In August 2001, Scott Fluhrer, Itsik Mantin, and Adi Shamir published a cryptanalysis of WEP that exploits the way the RC4 ciphers and IV are used in WEP, resulting in a passive attack that can recover the RC4 key after eavesdropping on the network. Depending on the amount of network traffic, and thus the number of packets available for inspection, a successful key recovery could take as little as one minute. If an insufficient number of packets are being sent, there are ways for an attacker to send packets on the network and thereby stimulate reply packets which can then be inspected to find the key. The attack was soon implemented, and automated tools have since been released. It is possible to perform the attack with a personal computer, off-the-shelf hardware and freely available software such as aircrack-ng to crack any WEP key in minutes.
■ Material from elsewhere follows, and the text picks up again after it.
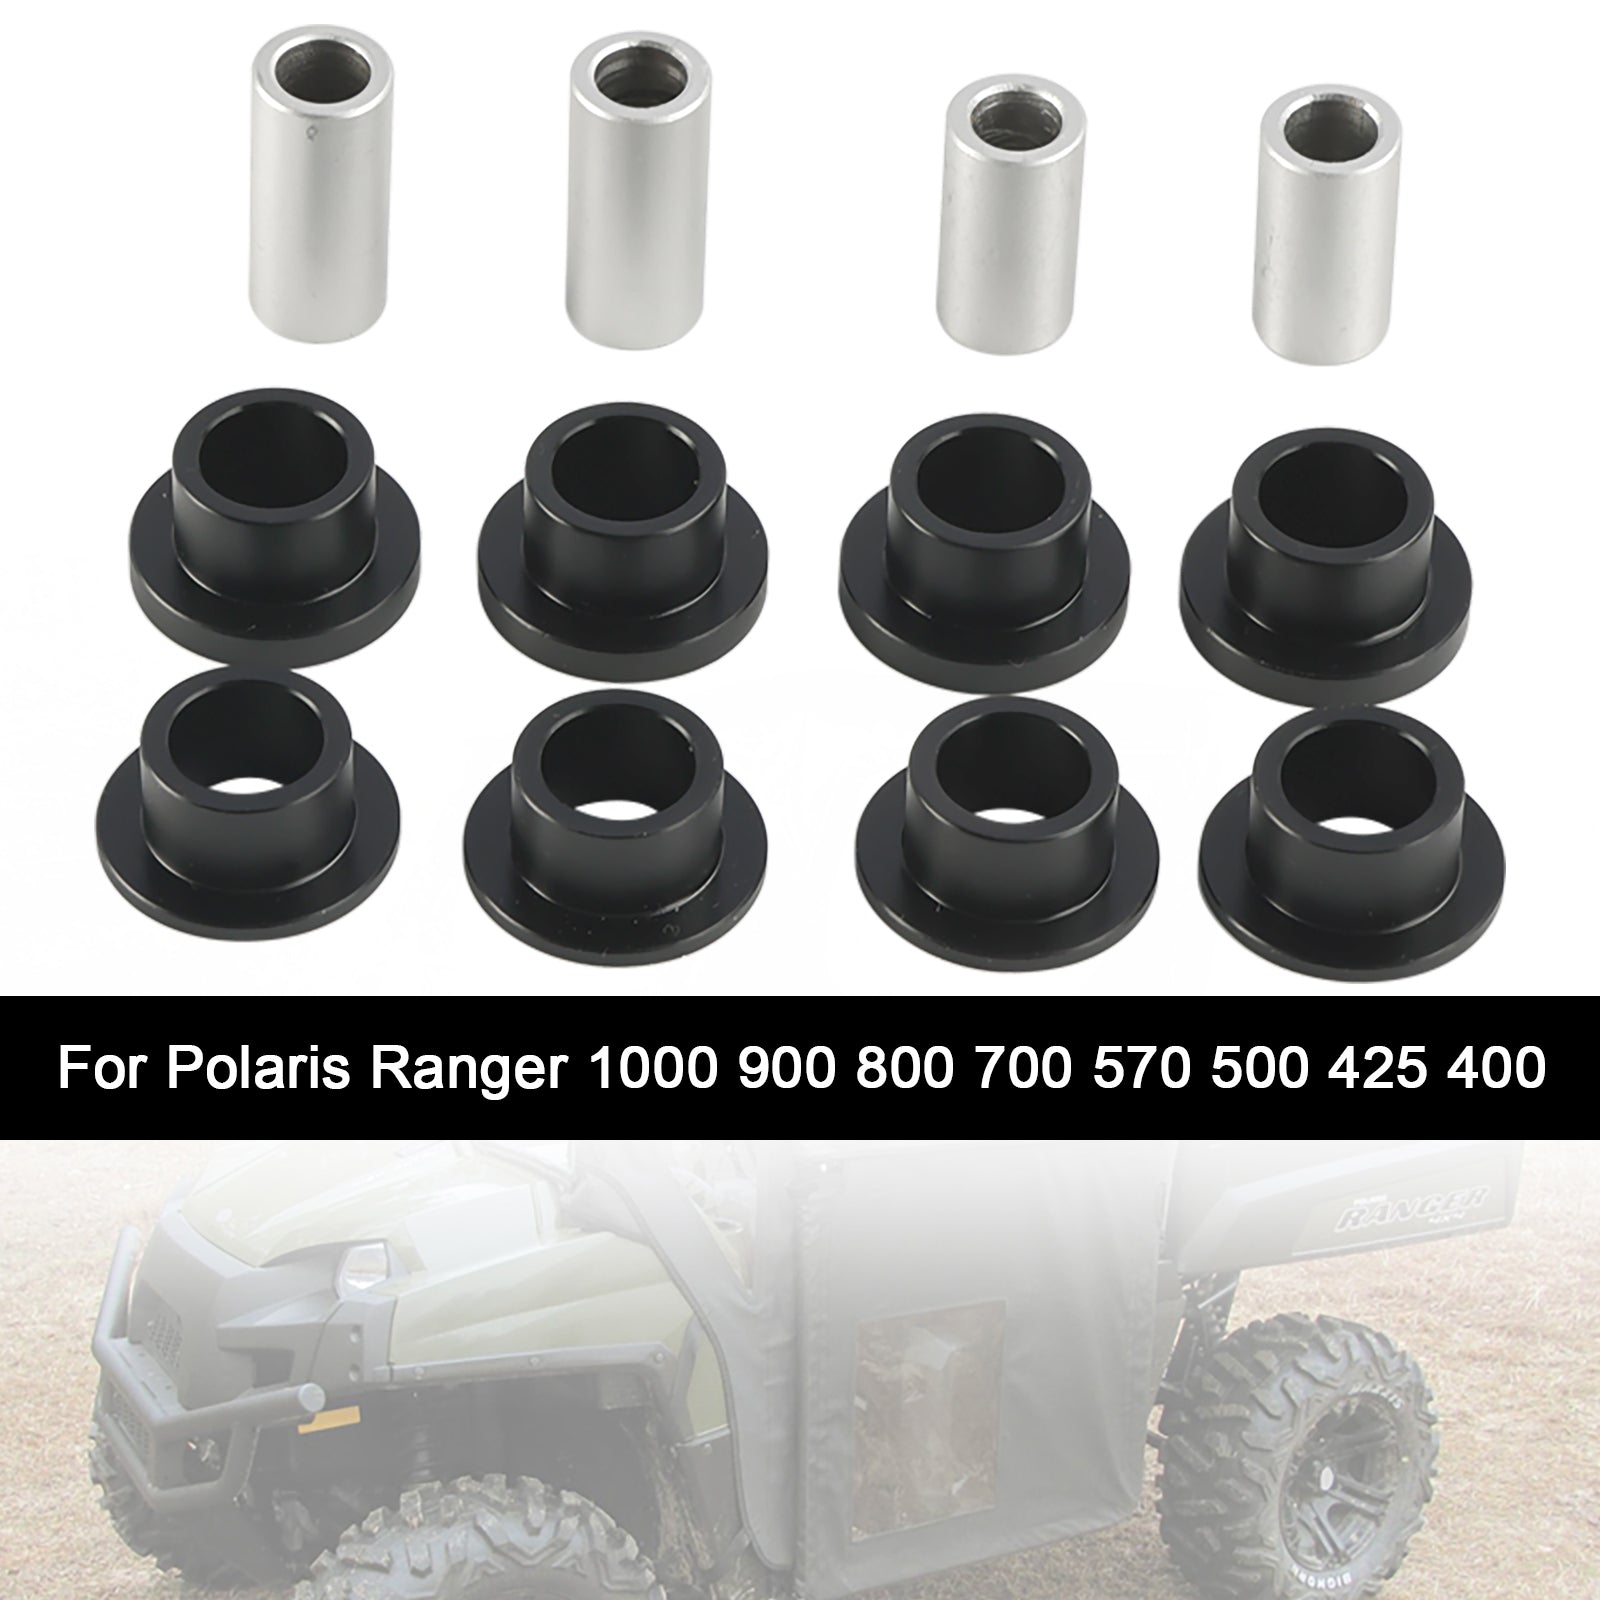 Polaris Ranger 1000 900 800 700 570 Shock Absorber Bushings 7042078 7042333

Cam-Winget et al.^[13] surveyed a variety of shortcomings in WEP. They write 'Experiments in the field show that, with proper equipment, it is practical to eavesdrop on WEP-protected networks from distances of a mile or more from the target.' They also reported two generic weaknesses:

• the use of WEP was optional, resulting in many installations never even activating it, and
• by default, WEP relies on a single shared key among users, which leads to practical problems in handling compromises, which often leads to ignoring compromises.

In 2005, a group from the U.S. Federal Bureau of Investigation gave a demonstration where they cracked a WEP-protected network in 3 minutes using publicly available tools.^[14] Andreas Klein presented another analysis of the RC4 stream cipher. Klein showed that there are more correlations between the RC4 keystream and the key than the ones found by Fluhrer, Mantin and Shamir which can additionally be used to break WEP in WEP-like usage modes.
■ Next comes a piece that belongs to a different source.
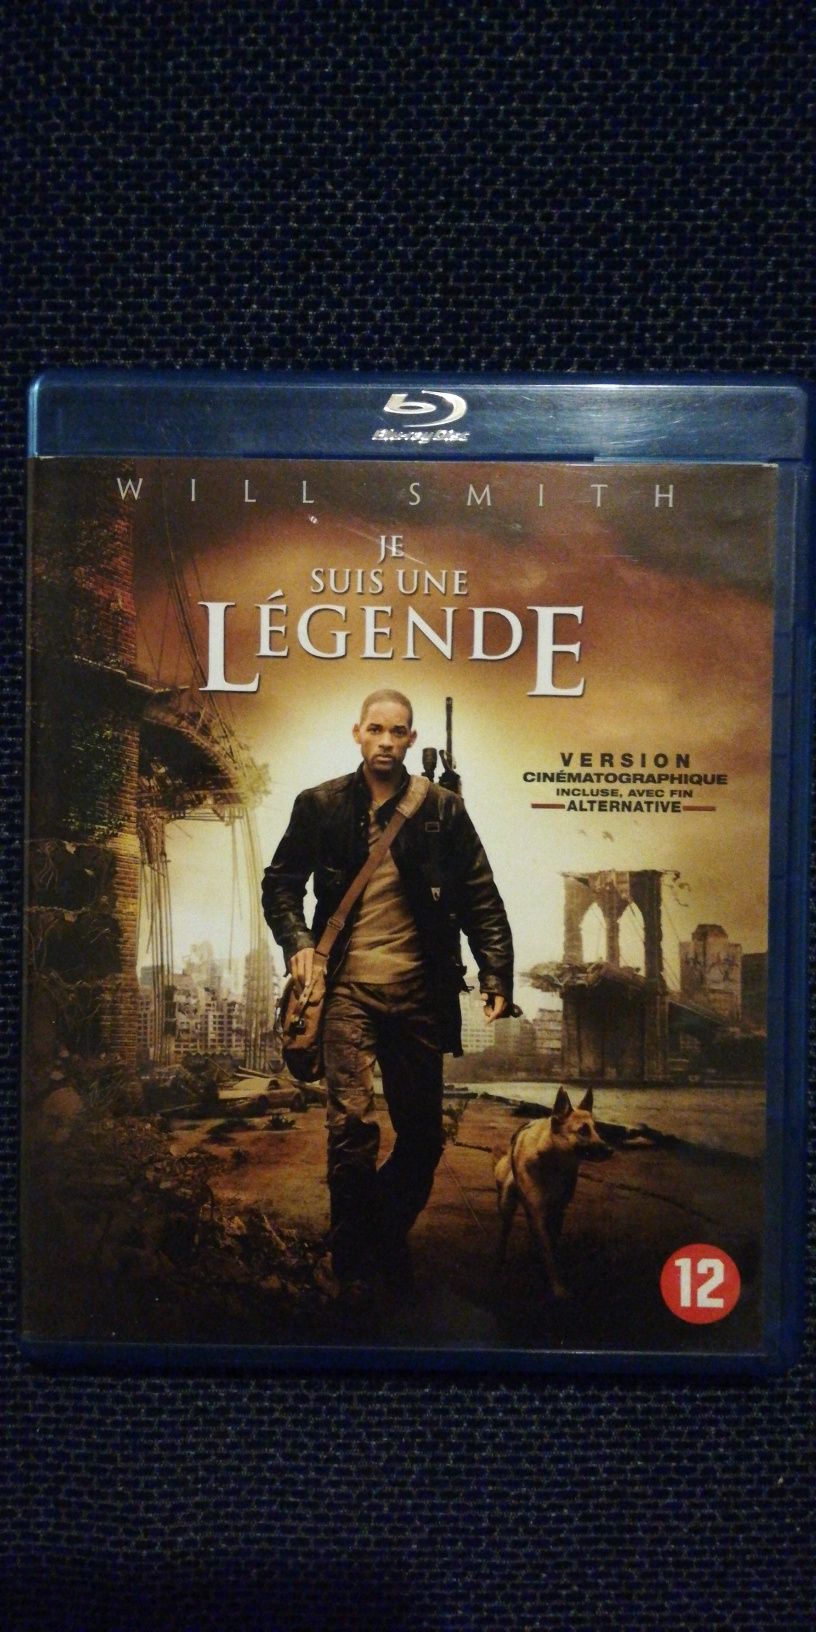 Blu ray do filme "Eu Sou a Lenda", Will Smith (portes grátis)

In 2006, Bittau, Handley, and Lackey showed^[2] that the 802.11 protocol itself can be used against WEP to enable earlier attacks that were previously thought impractical. After eavesdropping a single packet, an attacker can rapidly bootstrap to be able to transmit arbitrary data. The eavesdropped packet can then be decrypted one byte at a time (by transmitting about 128 packets per byte to decrypt) to discover the local network IP addresses. Finally, if the 802.11 network is connected to the Internet, the attacker can use 802.11 fragmentation to replay eavesdropped packets while crafting a new IP header onto them. The access point can then be used to decrypt these packets and relay them on to a buddy on the Internet, allowing real-time decryption of WEP traffic within a minute of eavesdropping the first packet.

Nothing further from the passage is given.